Well, I'll keep to myself my views on whether you should be reading his e-mails...!!

But anyway, the first one is gently making fun of him because his computer is not working properly (scarseggiare = to be running out, to be lacking);
the second one is asking him to put some credit on the person's phone and he/she'll come by and pay him later. 
"La Befana" is a fabled witch who traditionally delivers gifts to people on 6th January (today!).


----------



## Silvia

First of all, if you're dating this guy, you should ask him to teach you some Italian. Anyway, if you don't understand it, how come he speaks Italian?

insomma scarseggia il tuo computer!!! = In short, your pc is lacking (something? It looks like there's something previously said that only you two know of)
dai vabbe' un bacio = anyway, a kiss

www !! la befana!!!!! = best wishes for the Befana (all the women get those wishes today, literally it sounds like long live the Befana!)
senti mi carichi il cell? dopo passo a pagarti? 25 euro = Listen, why don't you put some credit in my cell phone card? Later I'll visit and give you the money (what do you say)? 25 euro

Grazie = Thank you


----------



## Tobycek

Silvia,
Just so as we don't scare poor Kveelee, how common is "un bacio" at the end of an e-mail in Italian? 
In English, a girlfriend might not like to see "a kiss" at the end of an e-mail to her boyfriend from someone else (!), but my instinct tells me that it's probably more "platonic" in Italian.

In the same way: "Ciao bella" is definitely not as strong as "Hi beautiful"!!


----------



## Silvia

Toby, it looks like I missed that point where Kveelee said the message was from some girl... in fact I thought it was for her.

A kiss is just a kiss, but nothing I would say to a friend. Especially if I know that that friend is engaged. But that's just me. Perhaps that girl is very social and likes to kiss her friends 

Anyway, we cannot judge people, we just talk of languages, don't we?!


----------



## Silvia

On the other hand, a cousin of mine who's 19 sent me an sms for New Year's Eve and it said at the end:
bacio. Bacio sexy 

So I guess it's very common among youngies.


----------



## Tobycek

I think Kveelee should go around to this girl's house and lay down the law! 
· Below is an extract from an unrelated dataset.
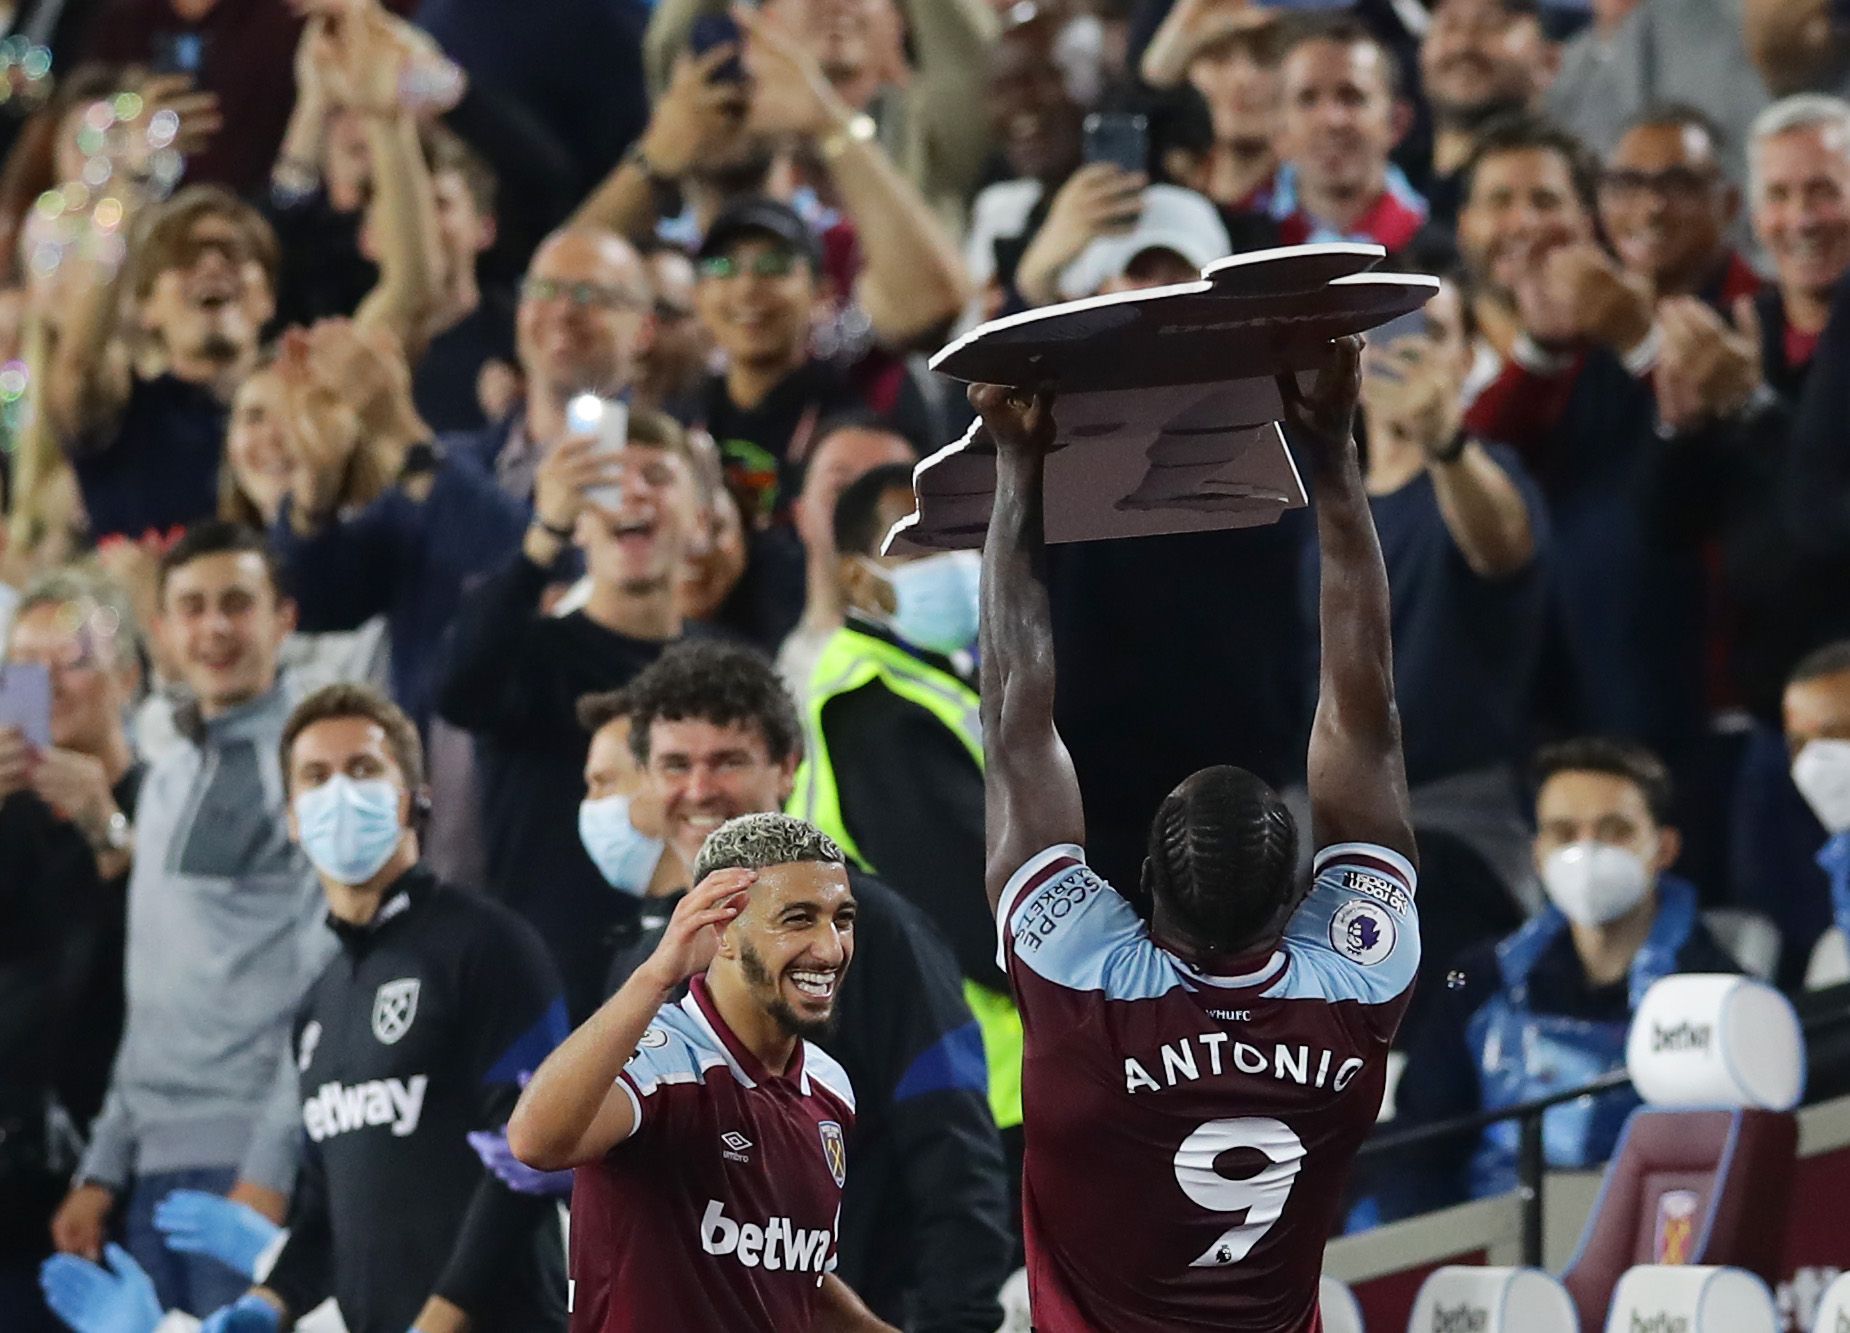 2. kolo anglické fotbalové ligy 2020/21, West Ham - Leicester: Michail Antonio slaví gól West Hamu na 3:1
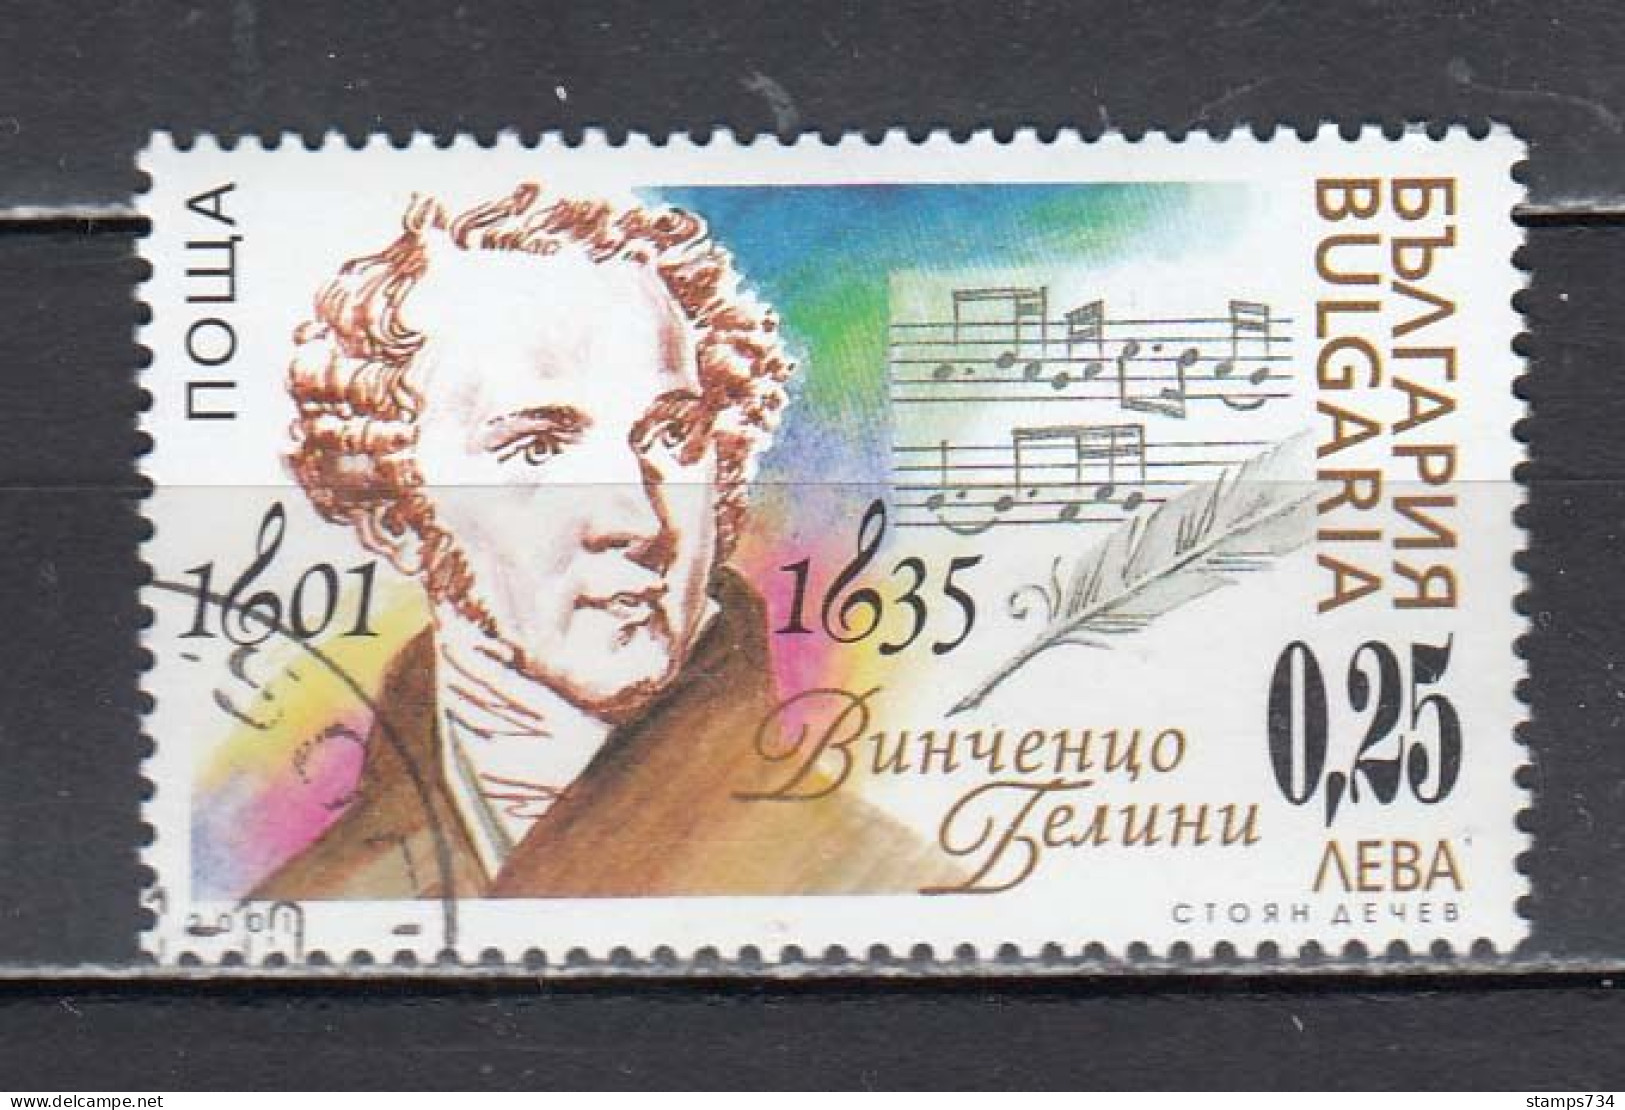 Bulgaria 2001 - 200th Birthday Of Vincenzo Bellini, Italian Composer, Mi-Nr. 4538, Used - Used Stamps

She sounds like trouble to me...

As for a cousin saying "bacio sexy" - that's just rather disturbing!
But I guess maybe he was drunk. 

T.


----------



## Silvia

Actually, it's a she!


----------



## Silvia

Hmm Kveelee... how did you read the message? Are you using his pc? Or did he send it by mistake? 

What would you like to write him? her?


----------



## Tobycek

I was only joking saying that she sounds like trouble. To be honest I think both the emails were pretty harmless!

I would just ask him casually if he's been to any shops today or something, and see if he mentions charging up the phone...
But think about it: if you write to her, she'll tell him, he'll get annoyed, and..........................
You don't want him to think you're neurotic!  

But if you're determined to send something, I'm sure we can help you.


----------



## Silvia

Kveelee, I see you already did something by yourself, though I didn't get what exactly. Anyway, you could write her asking whether she knows *name-of-your-bf*. In case you decide to write, just post the text.

Good luck!


----------



## Paulina

Tobycek said:
			
		

> In the same way: "Ciao bella" is definitely not as strong as "Hi beautiful"!!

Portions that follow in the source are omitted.